Zen sacrilege! Committed out of compassion for us. Anything that causes us to look outside of ourselves gets in the way. And yet, what if there were no teachings at all? We would still be asleep. So we use teachings and practices like medicine, applying them as necessary, and giving them up when they become poisonous to us.
…Fellow believers, time is precious! You rush off frantically on side roads, studying Chan, studying the Way, clinging to words, clinging to phrases, seeking Buddha, seeking the patriarchs, seeking a good friend, scheming, planning. But make no mistake. Followers of the Way, you have one set of parents – what more are you looking for?’ You should stop and take a good look at yourselves. A man of old tells us that Yajnadatta thought he had lost his head and went looking for it, but once he had put a stop to his seeking mind, he found he was perfectly all right…’

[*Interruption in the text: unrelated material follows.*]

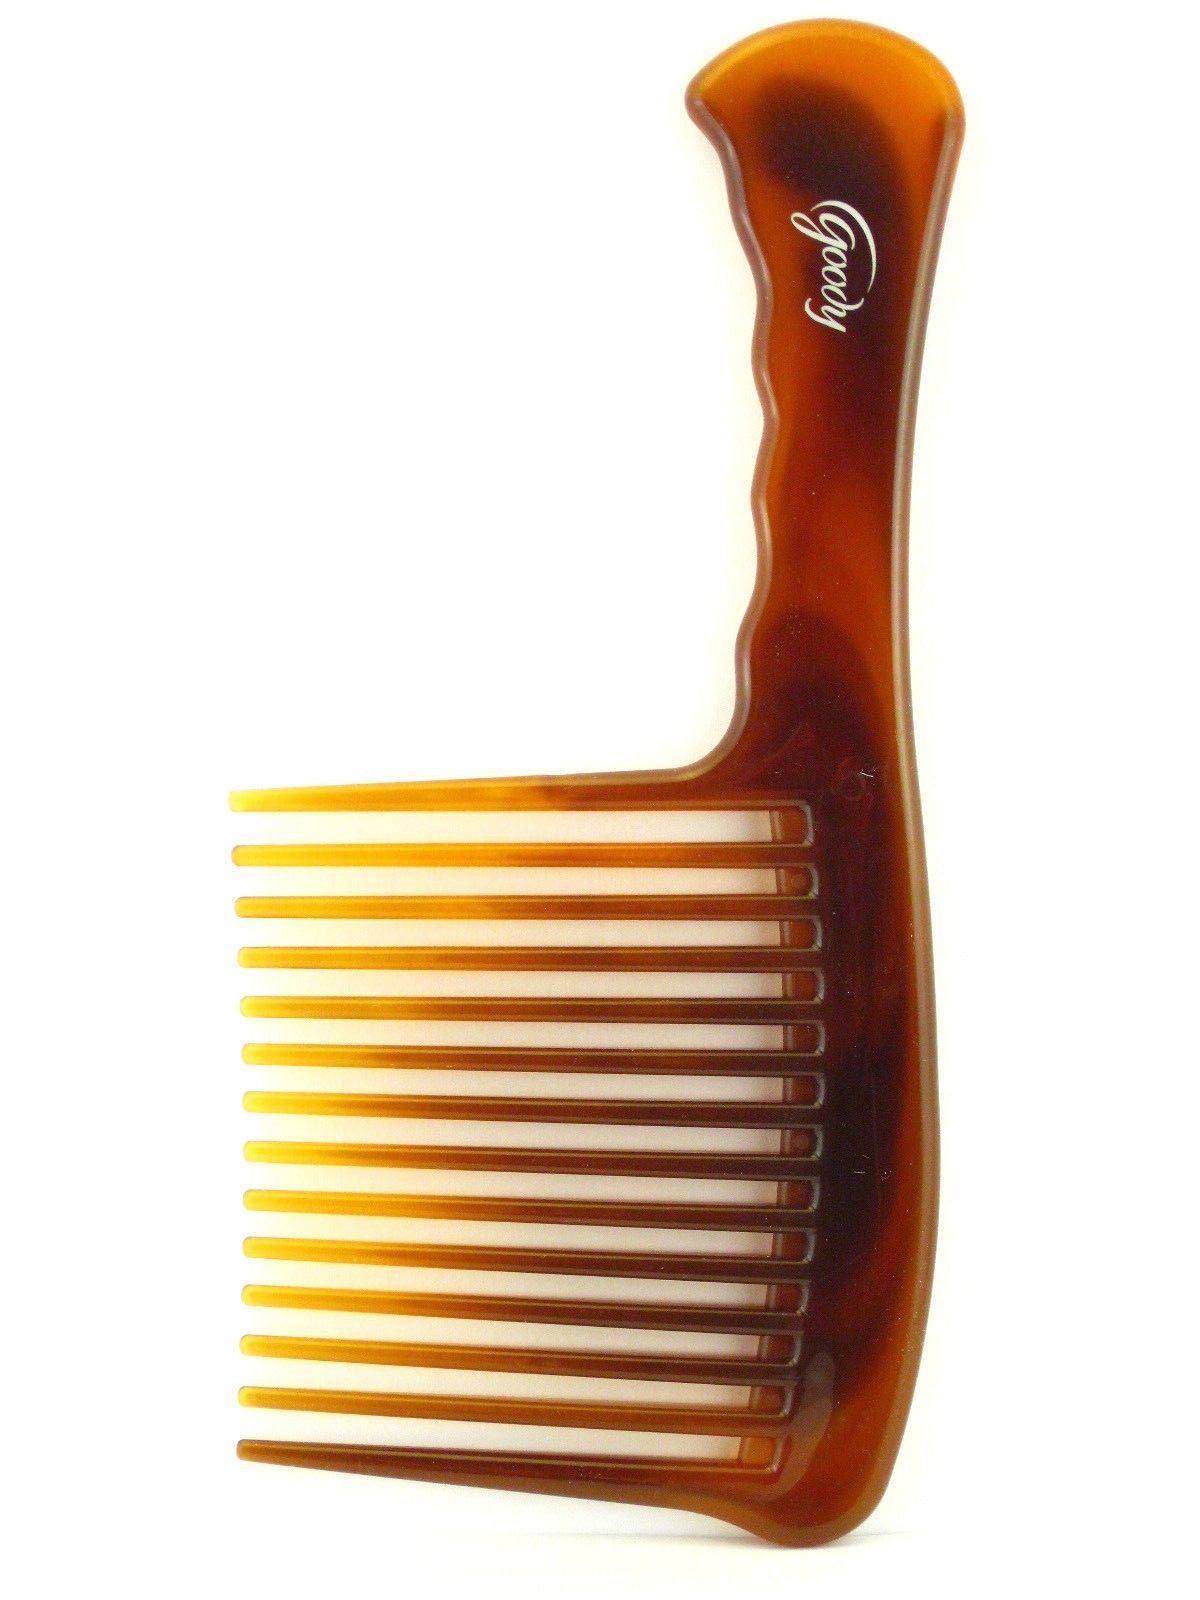 GOODY MOSAIC EXTRA LARGE DETANGLING HAIR COMB - TORTOISE (45617)
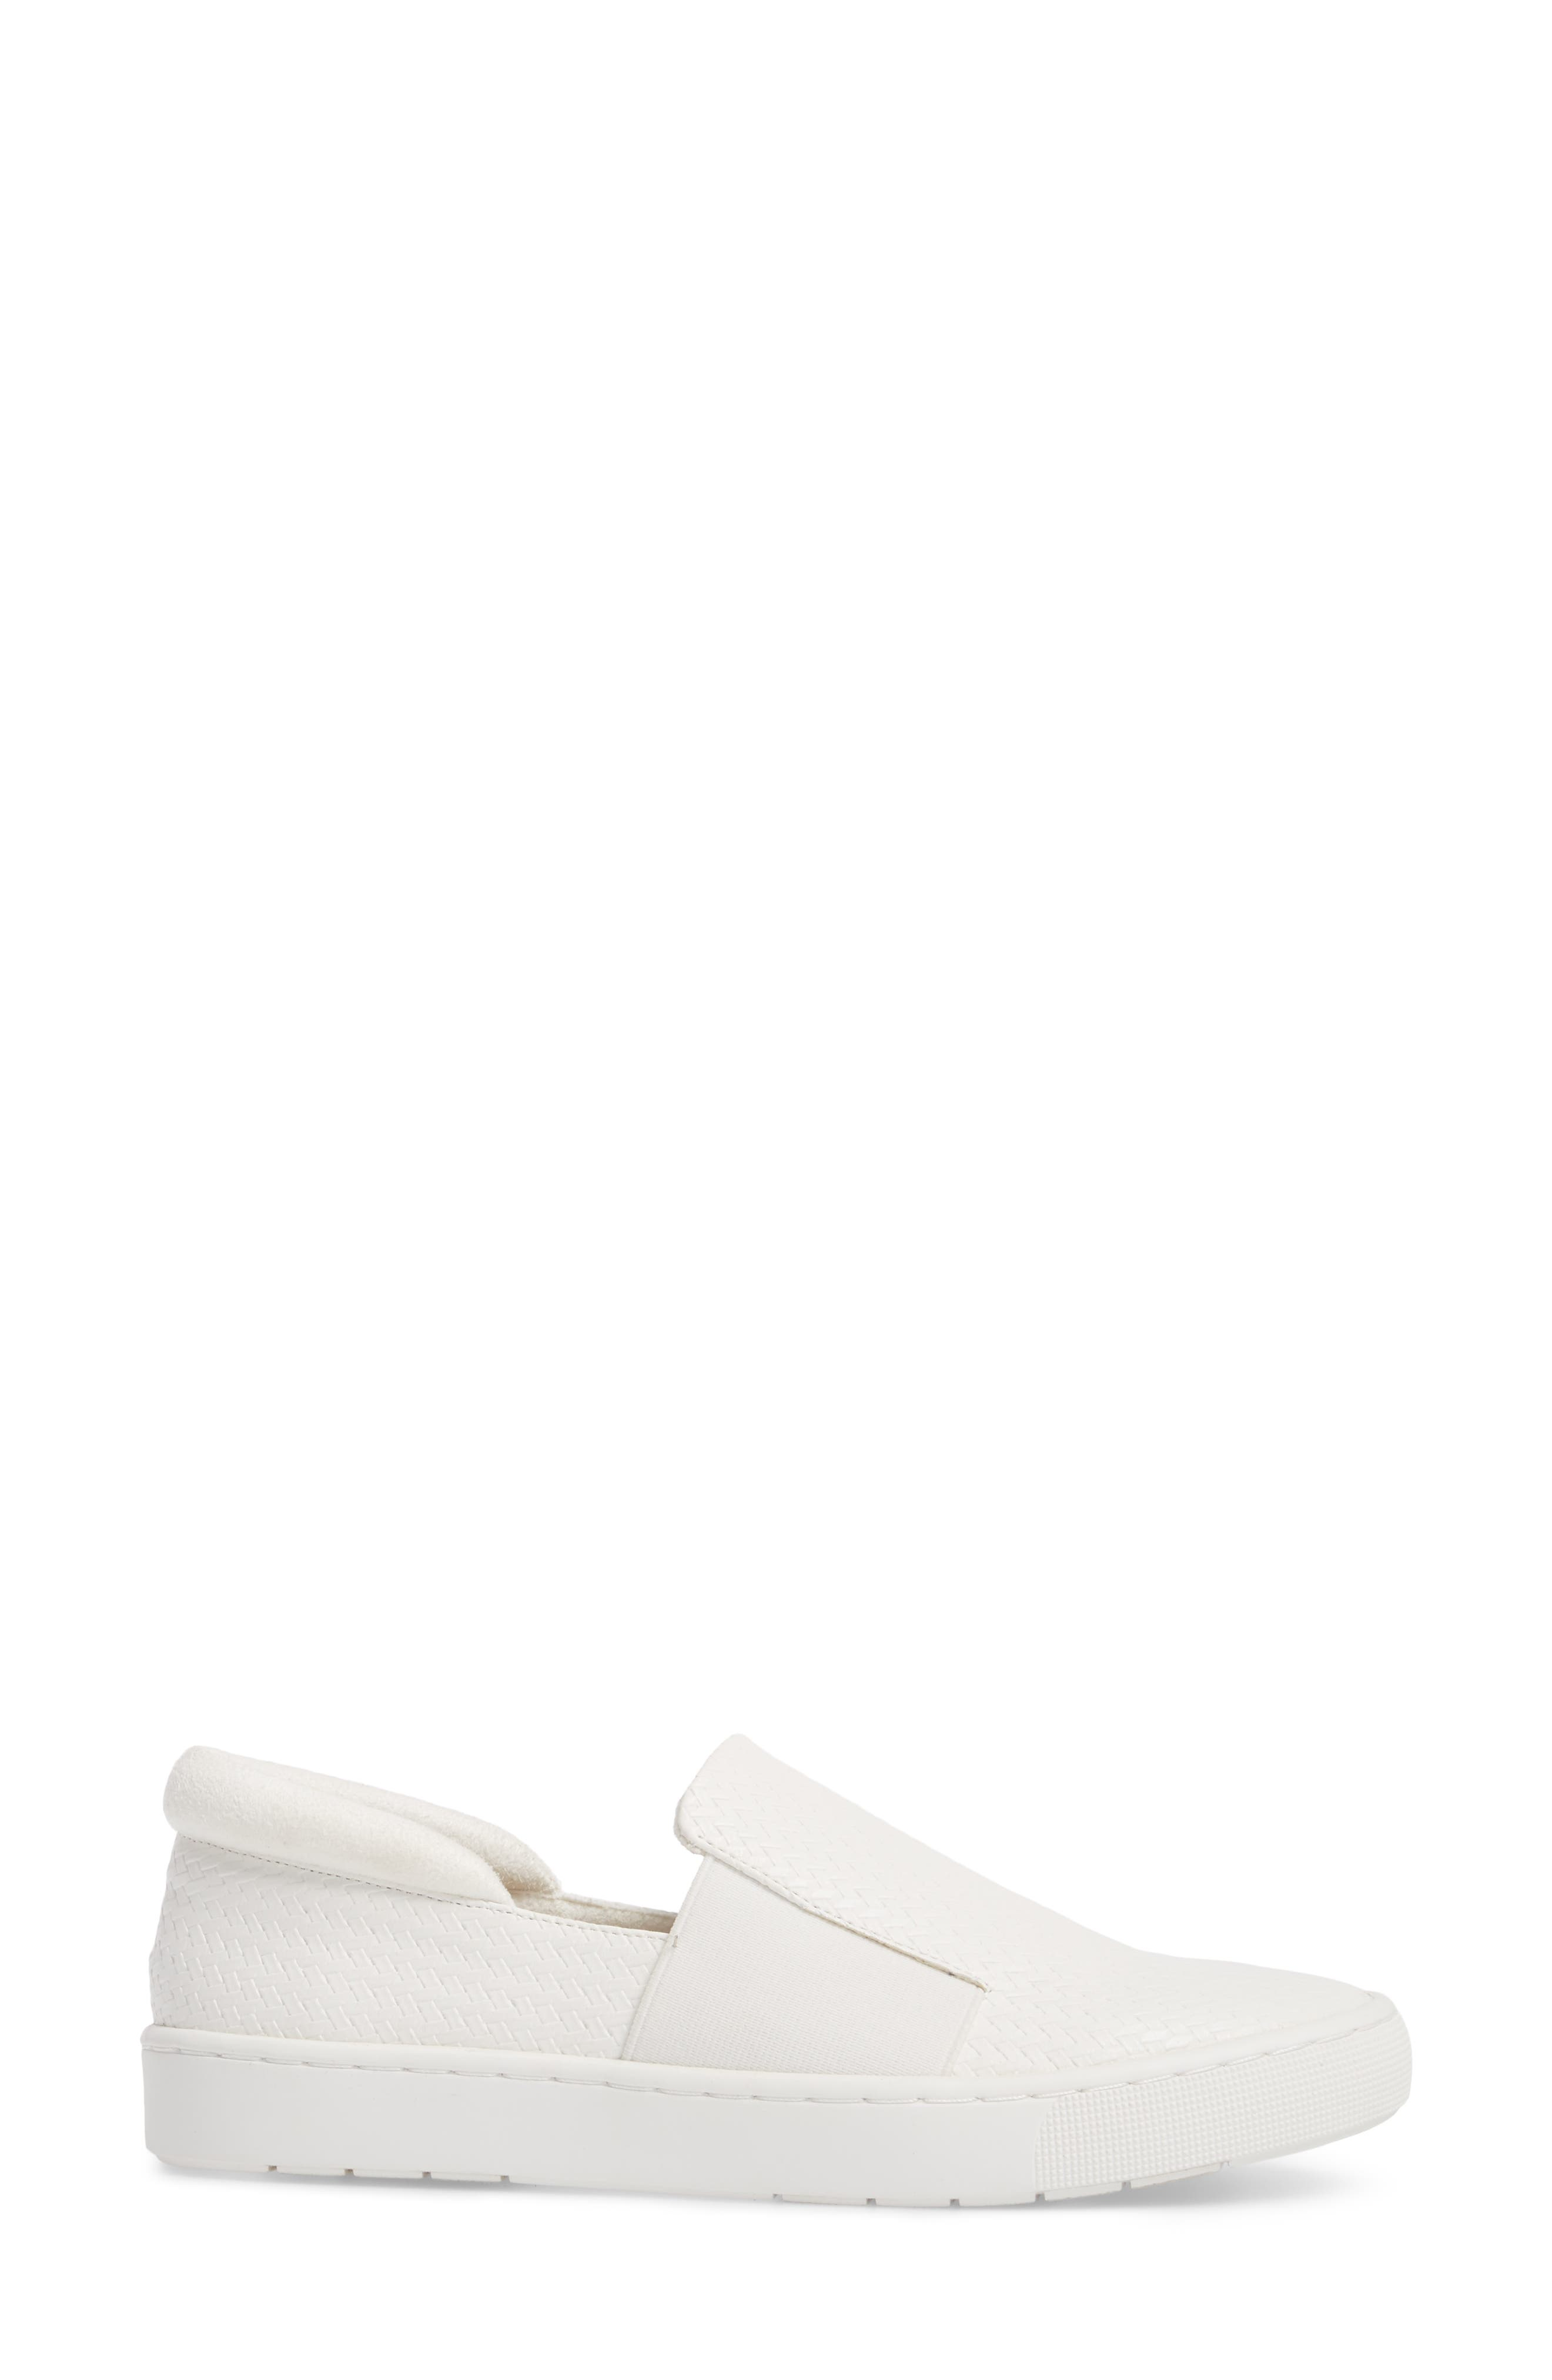 Alternate Image 3  - Bella Vita Ramp II Slip-On Sneaker (Women)

Yajnadatta looked in the mirror one day and thought he had lost his head. He temporarily lost touch with reality, and when he came back to clarity and saw he had his head, it was not that he had found his head. It had, of course, always been there. As Zen practitioners, we try to avoid running around looking for our heads, even though we are experiencing the discomfort and worry resulting from having lost track of them. We take the counsel of people we trust who assure us our heads are still there, and we sit as still as we can. The delusion of being headless eventually wears off if we do not keep getting agitated by running about searching. This is hard practice. We really, really want to find our heads. And we should want to find them.